La Commission européenne va surveiller les prix des produits agricoles

Les États membres de l'Union européenne devront communiquer régulièrement les prix des produits à la Commission. Ces prix seront communiqués une fois par semaine pour l'huile d'olive et une fois par mois pour l'huile d'olive biologique et les olives de table.

Dans le but d'assurer l'équité et la transparence de la chaîne d'approvisionnement alimentaire dans l'ensemble des États membres de l'Union européenne, la Commission européenne a présenté un projet de nouveau règlement visant à retracer la formation des prix des produits alimentaires, du champ jusqu'aux rayons des supermarchés.

« Renforcer la transparence du marché permettra un accès égal et une plus grande clarté en matière d'informations sur les prix, rendant ainsi notre chaîne alimentaire plus équitable et mieux équilibrée. » - Phil Hogan, commissaire à l'agriculture et au développement rural

Le règlement exigera la collecte et la comparaison des cours du marché qui, associées à d’autres données, mettront en évidence les coûts intermédiaires, notamment ceux liés au transport, à l’assurance et au stockage. Ces informations permettront aux agriculteurs de mieux gérer leurs activités et de prendre des décisions plus éclairées, ce qui, à terme, créera un environnement plus fiable pour les producteurs, les intermédiaires et, au final, les consommateurs.

La mesure proposée couvrira les fruits et légumes, les cultures arables, la viande, les œufs, les produits laitiers, le sucre et l’huile d’olive. Elle s’appuiera sur les systèmes et procédures de collecte de données existants déjà en place dans les États membres pour compiler les informations requises.

Voir aussi : Prix de l'huile d'olive

Chaque État membre sera chargé de recueillir les prix d'achat et de vente (en gros et au détail) de produits alimentaires tels que le blé, le seigle, l'huile d'olive et les olives de table, la viande, le lait, le vin, le riz, le sucre et les fruits, ainsi que d'autres données, notamment le rendement estimé et réel, les stocks existants et les terres cultivées. Ensuite, toutes ces informations seront transmises au siège de la Commission à Bruxelles afin d'être publiées sur son portail de données agroalimentaires et les observatoires de marché de l'UE.

Selon le produit, les prix et les informations pertinentes doivent être rassemblés soit chaque semaine, soit chaque mois, de manière rapide et précise, a expliqué la Commission. Plus précisément, pour l’huile d’olive, les données doivent être collectées et transmises chaque semaine, tandis que pour l’huile d’olive biologique et les olives de table, ce processus doit avoir lieu une fois par mois.
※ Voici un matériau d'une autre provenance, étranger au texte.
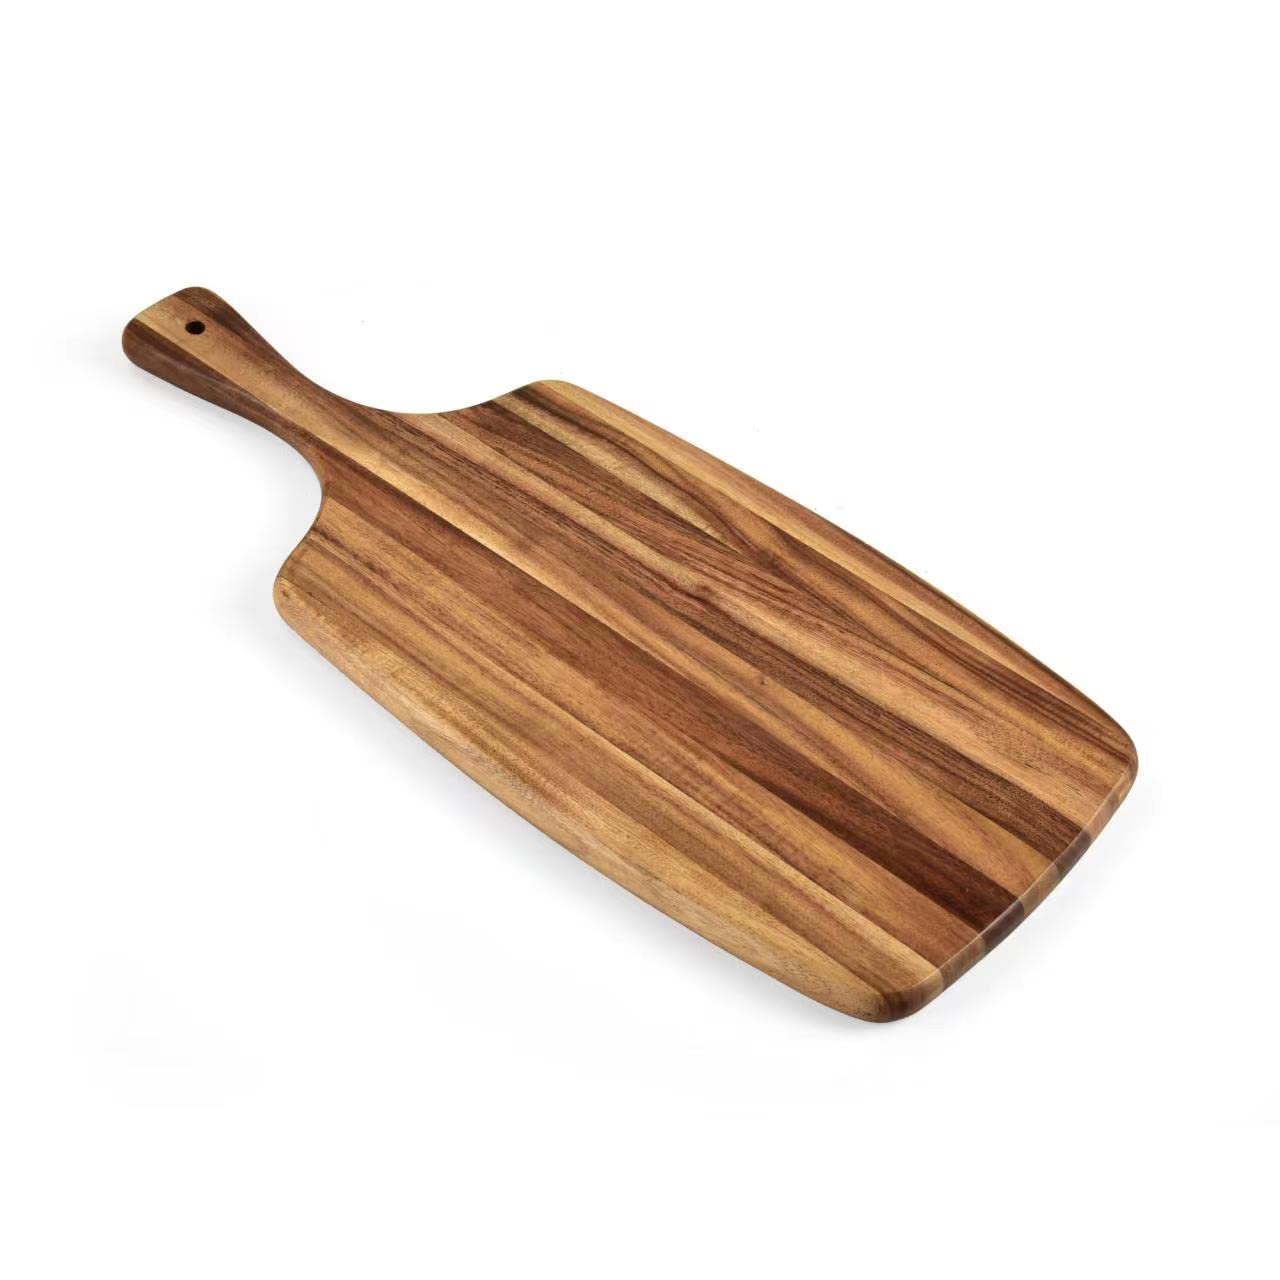 Shangrun 17 x 7 Inch Wooden Charcuterie Board for Bread, Meat, Fruits, Cheese and Serving

Bruxelles surveille déjà les prix de l'huile d'olive dans certains pays, notamment en Espagne et en Italie, où les prix ont considérablement baissé ces derniers mois dans le premier, tandis qu'ils continuent d'augmenter en Italie.

La Commission européenne a également suggéré que les États membres obtiennent les données nécessaires auprès des grandes entreprises et évitent d'imposer une charge supplémentaire aux petites et moyennes entreprises.
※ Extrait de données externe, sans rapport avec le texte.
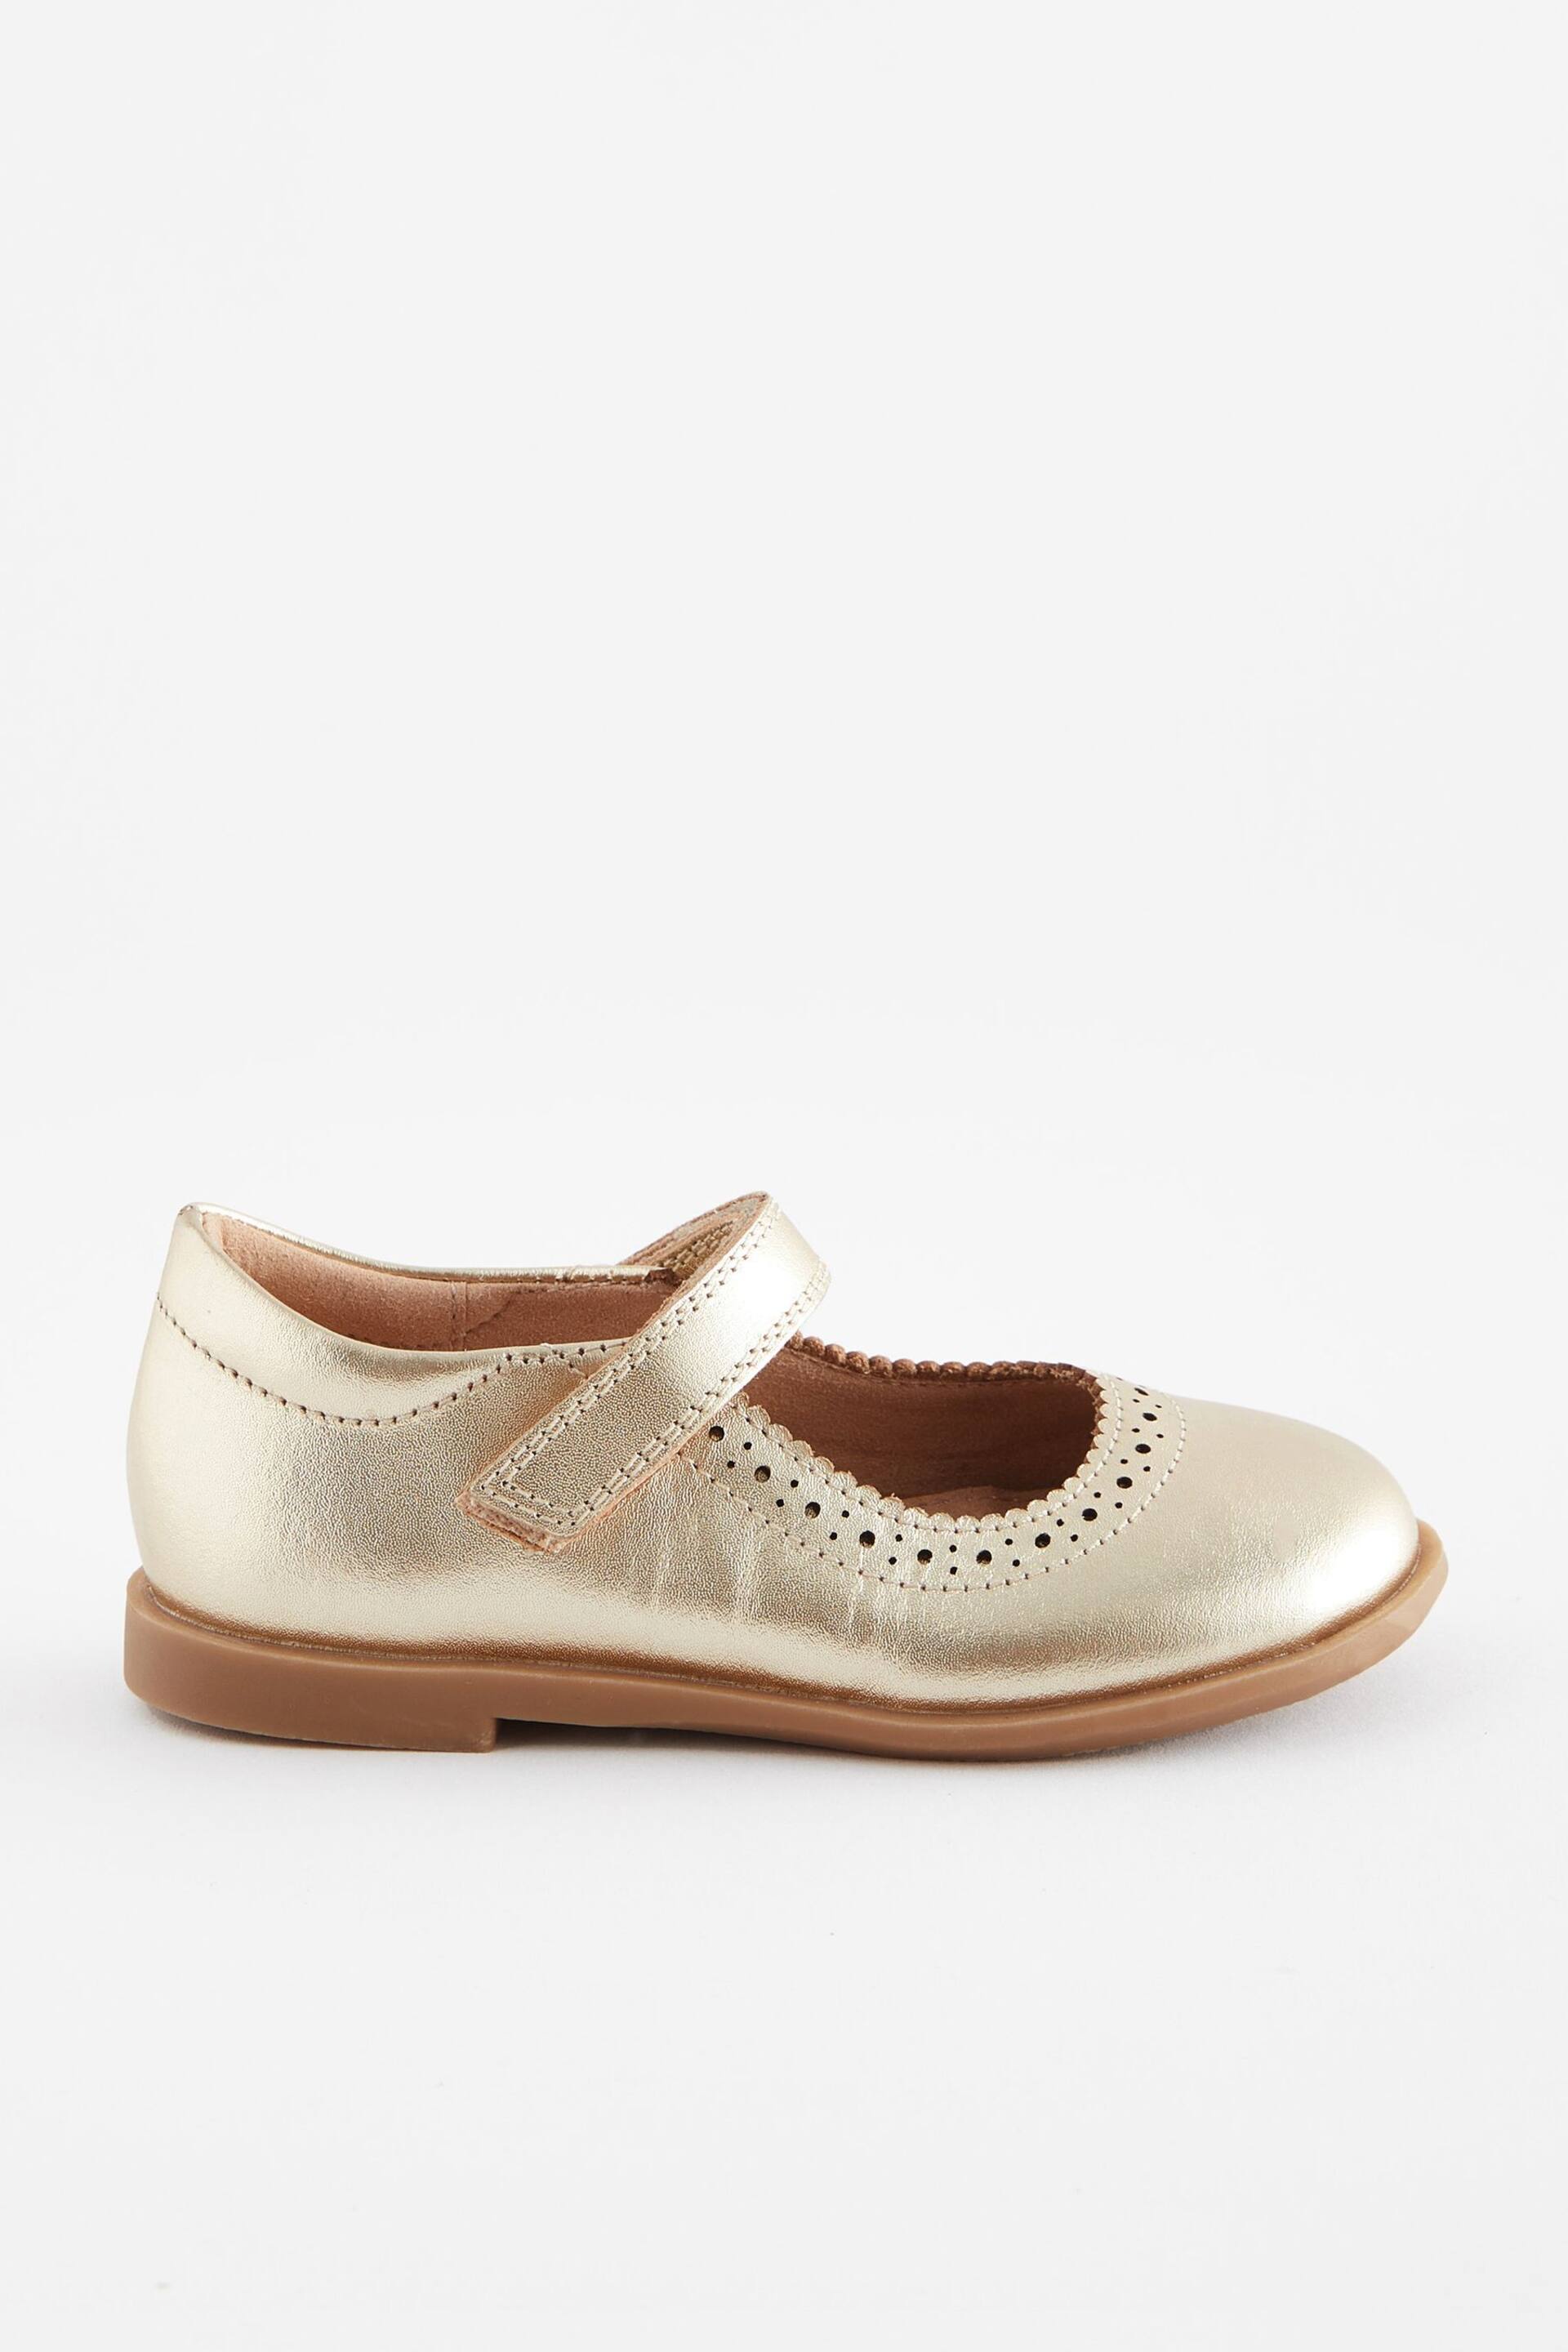 Gold Leather Leather Mary Jane Brogues - Image 2 of 5

Phil Hogan, commissaire à l’agriculture et au développement rural, a reconnu le rôle crucial des petits agriculteurs dans l’UE et la nécessité de procédures équitables.

« Renforcer la position des agriculteurs dans la chaîne d'approvisionnement alimentaire a été une priorité pour la Commission », a-t-il déclaré. « L'amélioration de la transparence du marché permettra un accès égal et une plus grande clarté des informations sur les prix, rendant notre chaîne alimentaire plus équitable et mieux équilibrée. Ces nouvelles règles viendront compléter la directive récemment adoptée interdisant les pratiques commerciales déloyales, en donnant plus de pouvoir aux acteurs les plus faibles et les plus petits de la chaîne d'approvisionnement alimentaire, et leur introduction reflète le soutien public très important qui existe dans toute l'UE pour renforcer le rôle des agriculteurs dans la chaîne d'approvisionnement alimentaire. »

Ce règlement s’inscrit dans le cadre de la politique plus large de l’UE visant à instaurer des transactions honnêtes et claires dans le secteur alimentaire, dans la continuité de l’année dernière où une législation a été adoptée pour interdire les pratiques commerciales déloyales telles que les annulations de commande de dernière minute et les retards de paiement, et pour introduire des outils visant à améliorer la coopération avec les agriculteurs, comme des contrats écrits fixant les prix convenus et des outils de gestion des risques conviviaux.

Le projet de règlement proposé sera soumis à consultation publique jusqu’au 19 juin. Une fois le texte final du règlement publié au Journal officiel de l’Union européenne, tous les États membres seront tenus de le mettre en œuvre dans un délai de six mois.